International berüchtigt
Die katastrophalen Zustände im öffentlichen Fernverkehr sind längst international berüchtigt. „In Germany, a tournament runs smoothly, but the trains do not“, titelte die „New York Times“ während der Fußball-Europameisterschaft 2024. Ein Land, das Aufbruchstimmung braucht und Investoren anziehen will, kann sich die Bürde einer solchen Bahn schlicht nicht leisten. Hier geht es mittlerweile um mehr als nur darum, Menschen pünktlich von A nach B zu befördern.
Nur Sanierung und Leuchtturm im Blick
Die Gefahr ist indes, dass sich die Probleme noch verschlimmern. Denn das Unternehmen, das heute schon unter Fachkräftemangel leidet, müsste für einen reibungslosen Betrieb dringend in die Digitalisierung von Stellwerken, Bahnübergängen etc. investieren. Wenn von neuen Milliarden für die Bahninfrastruktur die Rede ist, geht es aber meist nur um Sanierung und Instandhaltung ... oder um fragwürdige Leuchtturm-Projekte wie „Stuttgart 21“, die enorme Ressourcen fressen, auf das Gesamterlebnis aber selbst bei Gelingen kaum einen Einfluss haben werden. Woran es fehlt, ist eine Strategie, die den Kunden in den Vordergrund stellt.

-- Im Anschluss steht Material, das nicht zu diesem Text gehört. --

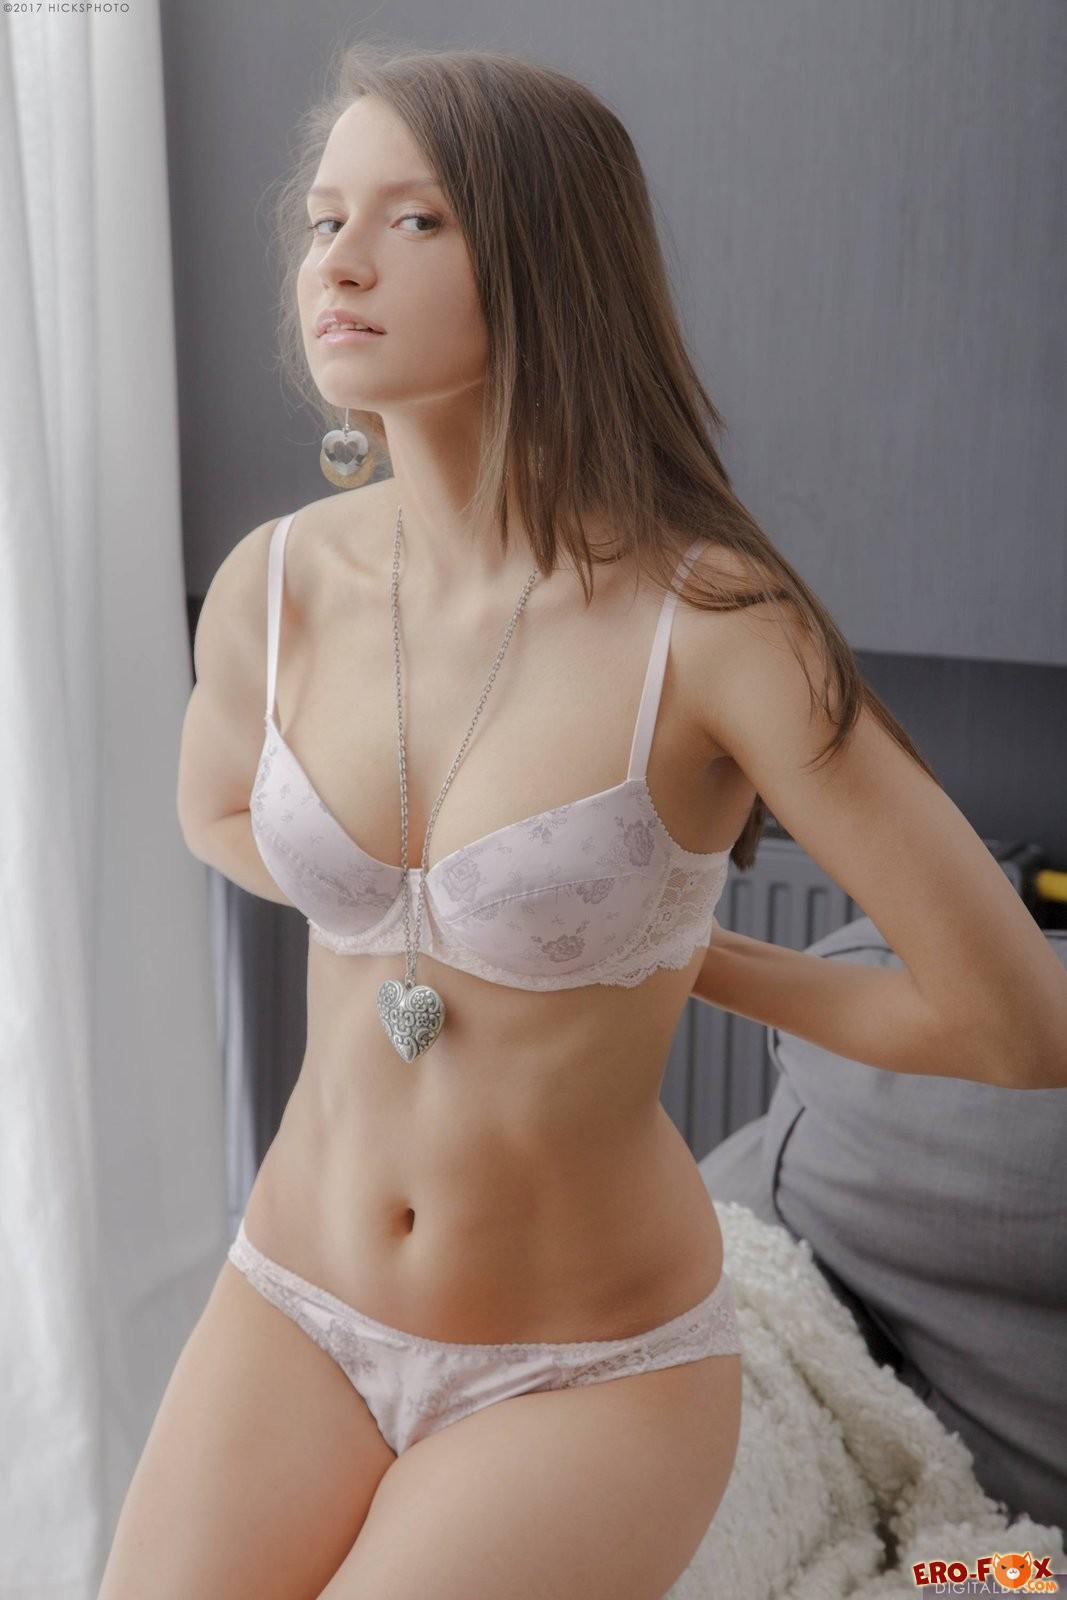 Красивая девушка показала упругую грудь .
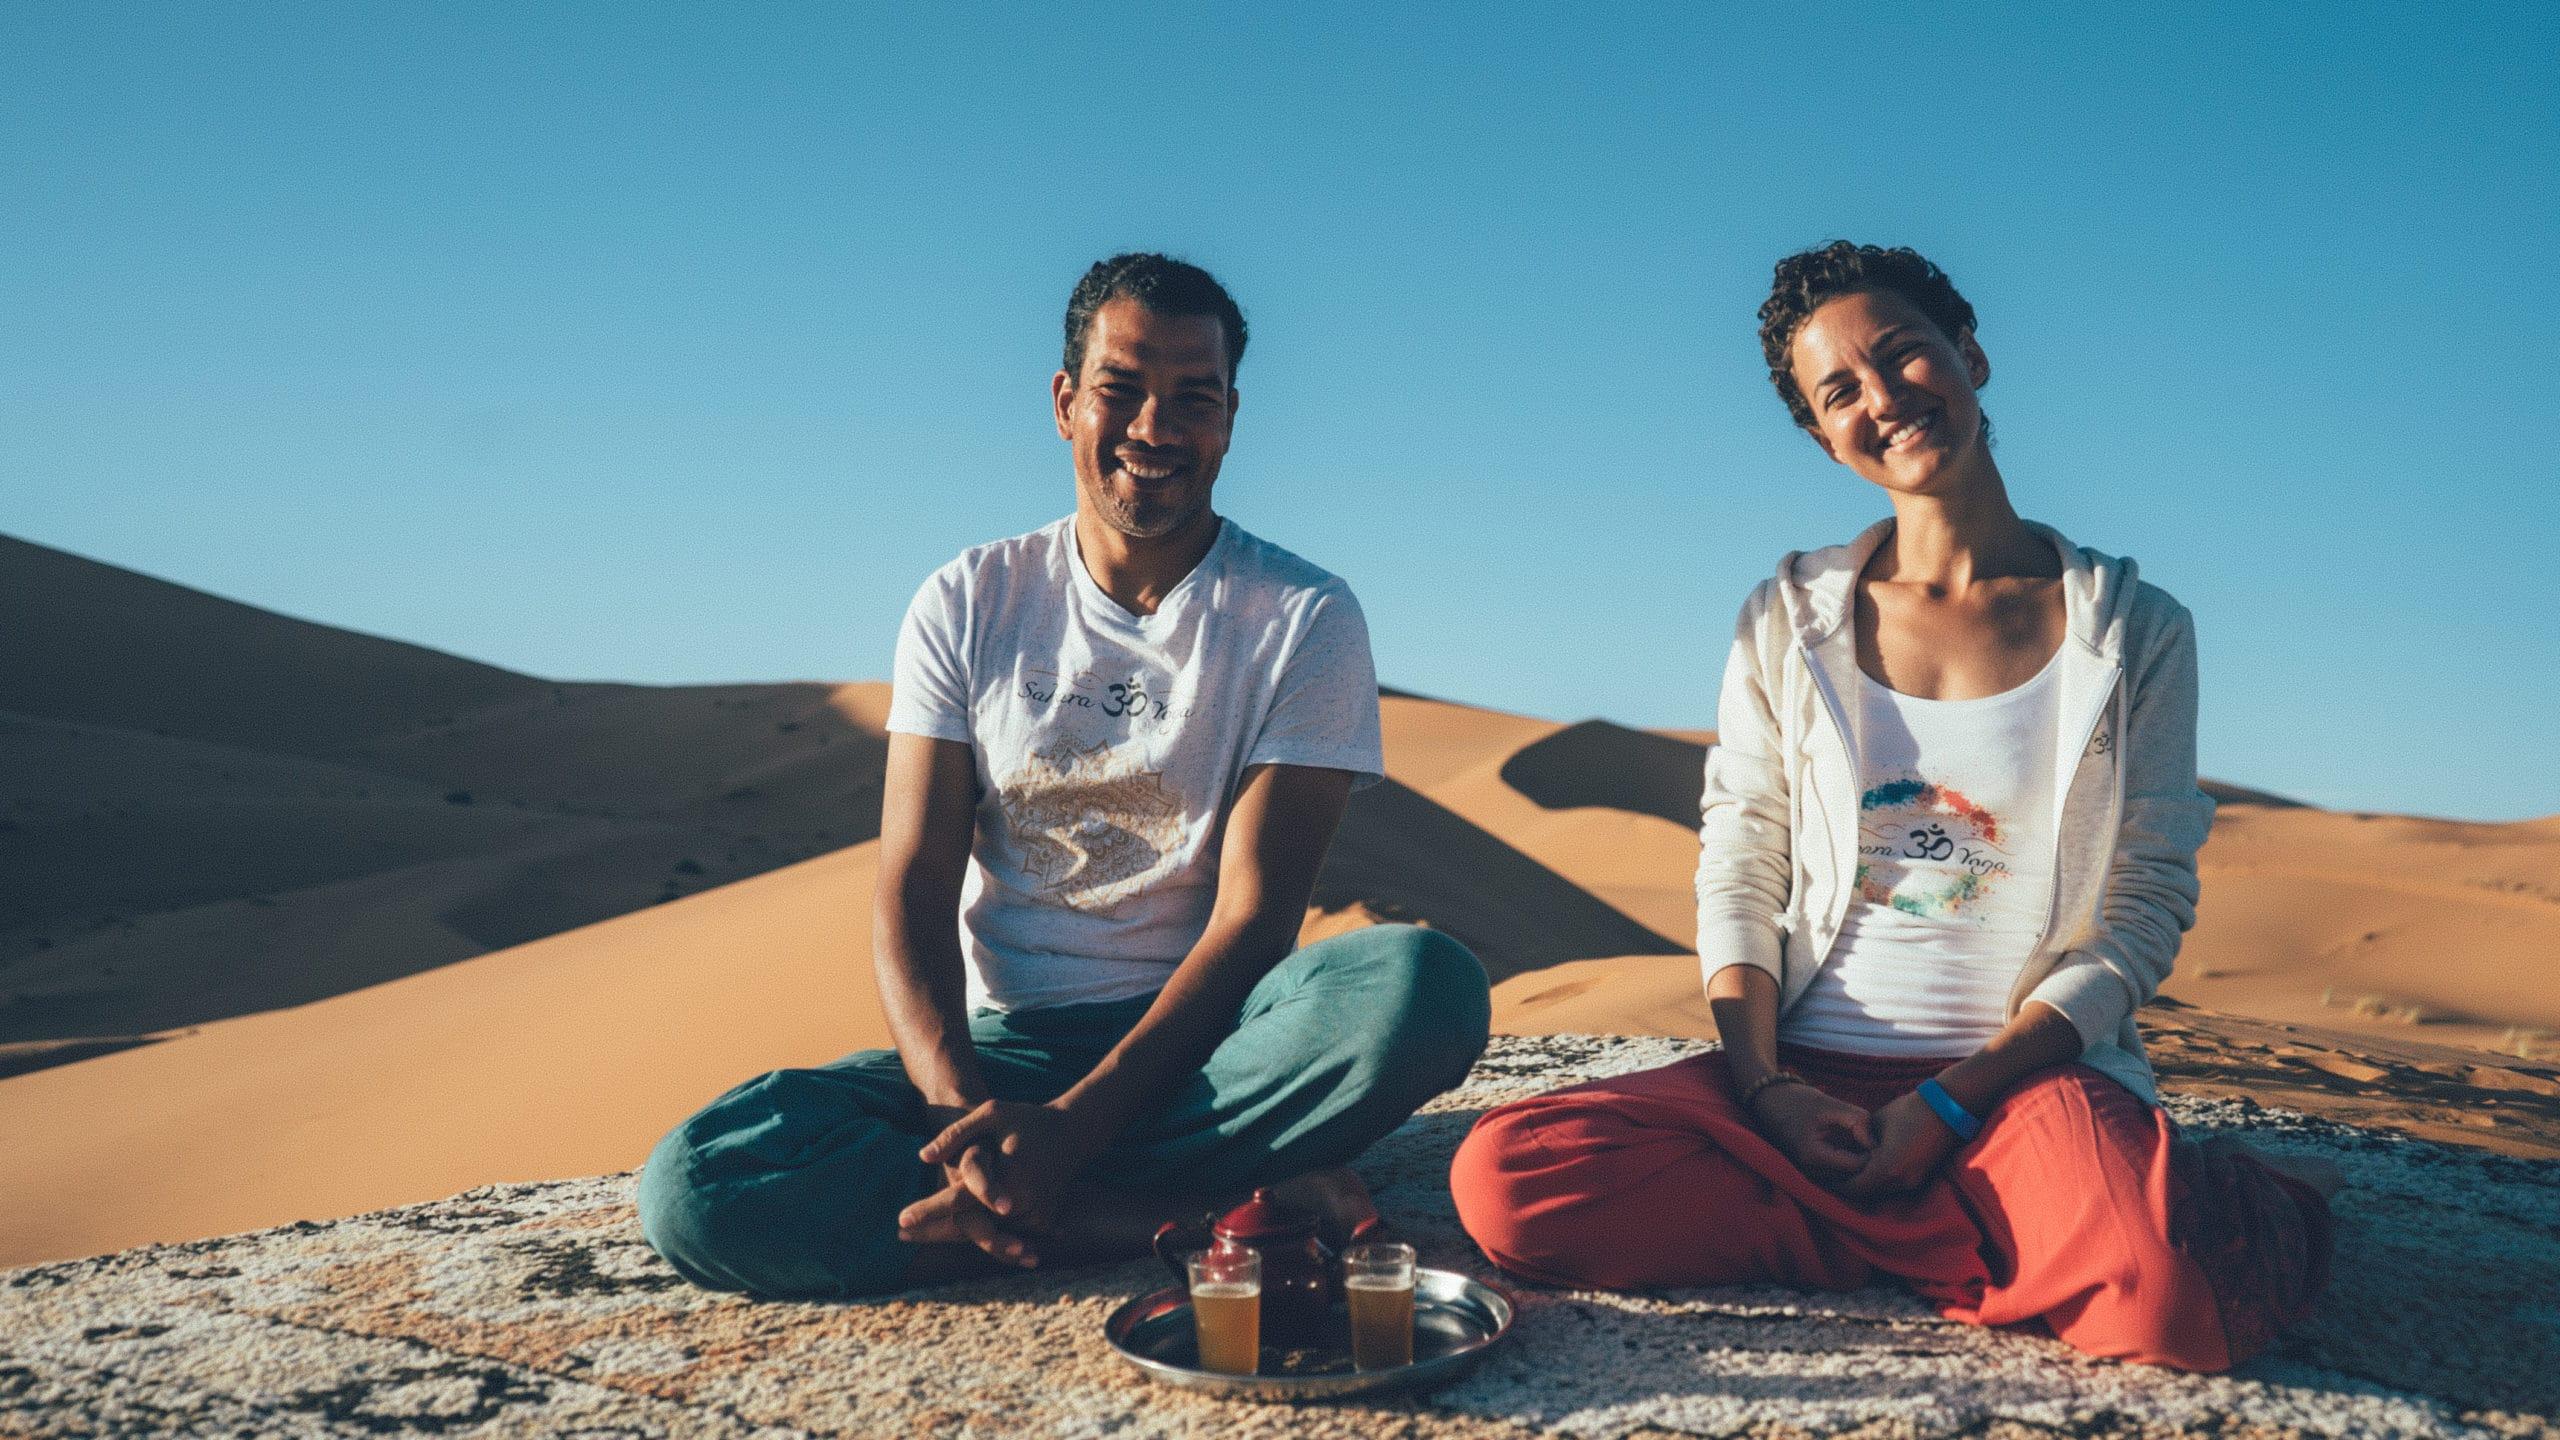 Barak und Ayla in der Sahara auf einer Düne

Kunde als Karte im Schwarze-Peter-Spiel
Sowohl in der Konzernführung als auch den streitfreudigen Bahngewerkschaften dient das schlechte Kundenerlebnis indes allenfalls als Trumpfkarte im Schwarze-Peter-Spiel. Zeit, den Teufelskreis zu durchbrechen. Verkehrsminister Patrick Schnieder will am 22. September seine „Agenda für zufriedene Kunden auf der Schiene“ vorstellen. Wenn er es ernst meint, kann er vielleicht den Schweizer Bahnchef abwerben. Mitleid mit den deutschen Kunden hat der immerhin. Und wie es ist, eine funktionierende Bahn zu leiten, weiß er auch.